Paper cuts, despite being minor and shallow wounds, can cause significant pain.
It has less to do with the size of the cuts themselves, and more to do with the areas of the body in which we often experience paper cuts.
Your nerves: Manhattan vs. rural Ohio
Our face, hands and fingertips are richly innervated, meaning they’re filled with tiny nerves and nerve endings that need to receive sensory information from touch in order for us to perform fine motor functions.
Each of those nerves is like a fiber optic cable, meticulously engineered to transmit vast amounts of information swiftly and accurately between our brains and the rest of our bodies.
A body part like the fingertip is like Manhattan — filled with crisscrossing cables for a dense population.
Even a small event in Manhattan could disrupt online connections for many people.
But our backs are more like a desolate area of Nebraska, where a car could hit a utility pole and affect service for only a few residents.

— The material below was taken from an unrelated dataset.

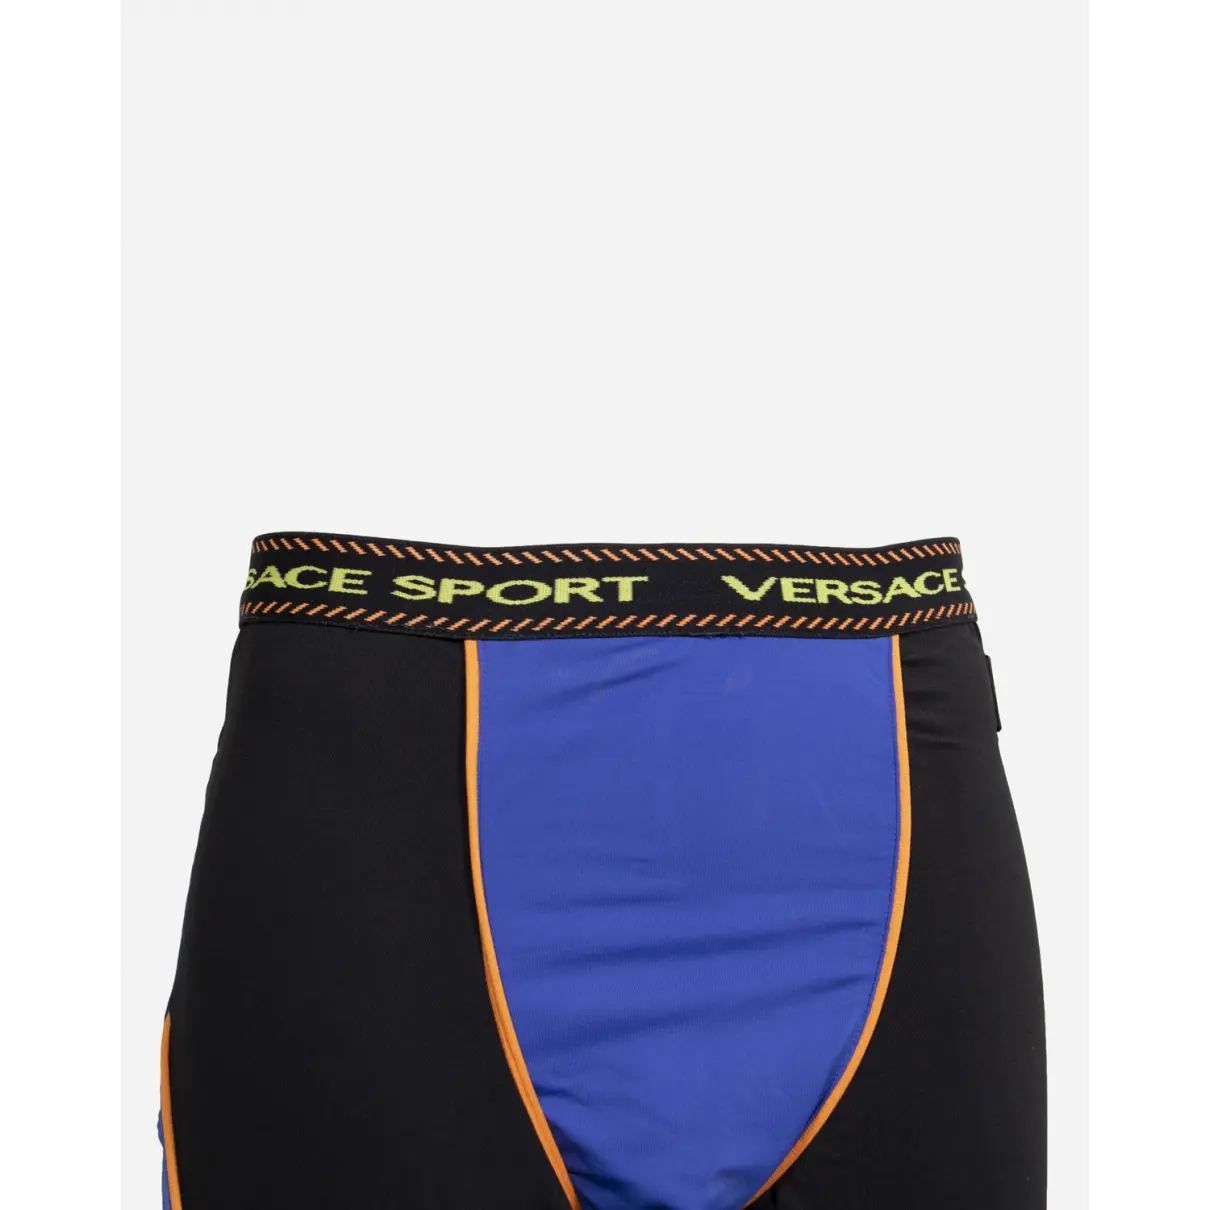 Buy Versace Trousers online

That’s why the pain of common paper cuts is so exquisite — a paper cut on your finger, lips or tongue is cutting through many more nerve endings and lighting up more pain receptors than it might on your back.
Those densely innervated areas of the body also are richly supplied with blood.
Many tiny capillaries stretch underneath the skin of your face, hands and fingers, so cutting through them with the edge of a piece of paper also causes you to bleed more than if you’d been cut elsewhere on the body.
For some people, paper cuts are even worse.
Those with neuropathy (nerve damage), such as the damage to hands and feet caused by diabetes, can sometimes experience less pain with paper cuts and also make these patients prone to poorly healing wounds.
An immune disease like fibromyalgia, which changes the way the brain recognizes pain signals, can also make people more sensitive to cuts.
On the other hand, some people with nerve damage may not feel a paper cut at all, which could actually lead to more damage.
The pain from paper cuts is protective — it makes you realize you have a cut and forces you to baby that area of the body for a day or two, helping avoid infection or further damage.
But if you don’t have sensation and don’t feel the pain, you’re less careful with the cut and it’s less likely to heal.
Preventing and treating paper cuts
- Dry or cold skin is more prone to paper cuts. To protect your skin, stay moisturized and wear gloves in cold weather.
- Using tools to open and seal envelopes can effectively prevent common paper cuts on hands and lips.
- For a superficial paper cut, clean the area, keep the edges of the cut together, and apply antibiotic ointment and a bandage to prevent infection. Deeper cuts may need medical attention.
- Paper cuts usually heal in two to three days. If it doesn't improve, especially if you have diabetes or are immunocompromised, consult your doctor to check for infection.
Our fingers and hands are capable of performing various tasks daily: using a pen, cooking, cutting, and feeling objects in the dark.
We’re able to do this all because of the many nerve endings and nerve organelles in our fingertips.